ロケット弾が飛んでくる地域で暮らし続けるか、平和に暮らせる別の国に移り住むか 戦闘に直面したイスラエル在住日本人女性たちの葛藤
パレスチナ自治区ガザを実効支配するイスラム組織ハマスとイスラエルとの戦闘。外務省領事局海外邦人安全課によると、衝突が始まった10月7日時点でイスラエル(パレスチナ地区を含む)に約1300人いた日本人は、11月中旬には800人ほどになった。「しょっちゅうロケット弾が飛んでくる」地域で暮らす女性は体調を崩しながらも、国の出動要請に備える看護師の夫と共にいたいと現地に残る。一方、友人の親族がハマスの人質となった別の女性は国外に一時避難した。11月下旬に再び現地に戻ったが、「平和に暮らせる別の国を探すべきだろうか」とも悩む。これ以上犠牲が増えないことを願いながらも、双方の分断の深さを目の当たりにし、先の見えない日々に不安を募らせている。(共同通信=永井なずな) 歴史が生んだ「世紀の難問」…イスラエル、パレスチナの争いはなぜ始まった 基礎から解説
▽頭上を飛ぶロケット弾 テルアビブ郊外に住む好光結希さん(32)は今も現地で暮らす。「しょっちゅうロケット弾が飛んでくるので、買い物などの外出はなるべく減らしている」と話す。仕事はマーケティング関係で、予備役に招集された同僚も多い。自身はリモートワークが可能だが、出社の必要な人たちはシェルターの場所や避難経路を入念に調べて通勤しているという。 10月下旬、夫と車に乗っていると突然、町のあちこちで「ウィーンウィーン」とけたたましくサイレンが鳴りだした。ガザ地区からのロケット弾飛来を告げる警報だ。国公式のスマートフォンアプリも、ほぼ同時に警報音を発した。すぐに車を降り、道路にうつぶせて両手で頭を覆い、夫と身を寄せ合った。 やがて体に響く振動と共に、上空で「ドンドン」とロケット弾が迎撃される音が聞こえた。2分ほどたって警報はやんだが「気持ちが張り詰め、死が頭をよぎった」。10分ほどその場に待機し、その場を離れた。

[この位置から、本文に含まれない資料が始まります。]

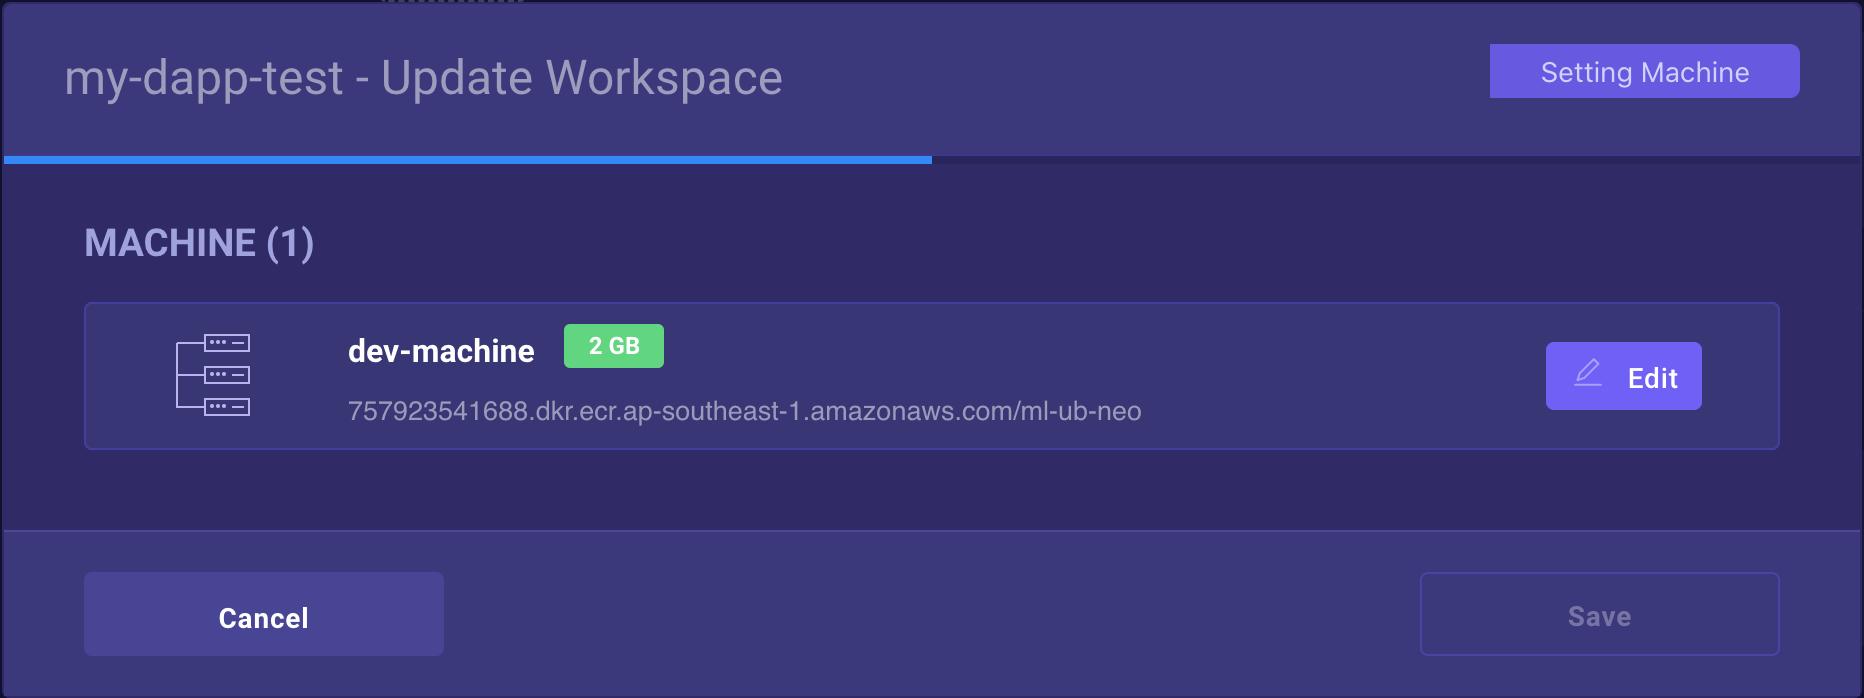 Edit Workspaces in V2.0

自宅アパートにいる時にサイレンが鳴れば、軍の市民向けマニュアルに従ってすぐに窓を閉め、普段は仕事部屋として使っているシェルターに逃げ込む。他の部屋より壁の構造が頑丈で、窓は鉄製のカバーで覆うことができる。 警報と避難で入浴や睡眠が遮られる日も珍しくなく、寝不足や頭痛に見舞われるようになった。「日々の暮らしが脅かされ、連れ去られた人質も戻ってこない状況では、ハマスへの反撃は仕方ないと受け止めている」。一方で、このままでは双方の犠牲はとまらない。「この葛藤を伝えるのは本当に難しいが、日本にいる人に少しでも想像してもらえたら」と願う。 ▽ハマス襲撃にもどかしそうな夫 好光さんは滋賀県で育ち、中高時代に世界史でナチス・ドイツによるホロコースト(大量虐殺)について学んだ時に「なんでユダヤ人が殺されなあかんかったん(殺されなければならなかったのか)」と疑問が膨らんだ。京都の大学で国際政治を専攻して中東問題を学び、大学院ではユダヤ教やイスラム教を研究。ヘブライ語を上達させて宗教や歴史をより深く学びたいと、2014~15年にイスラエルに留学した。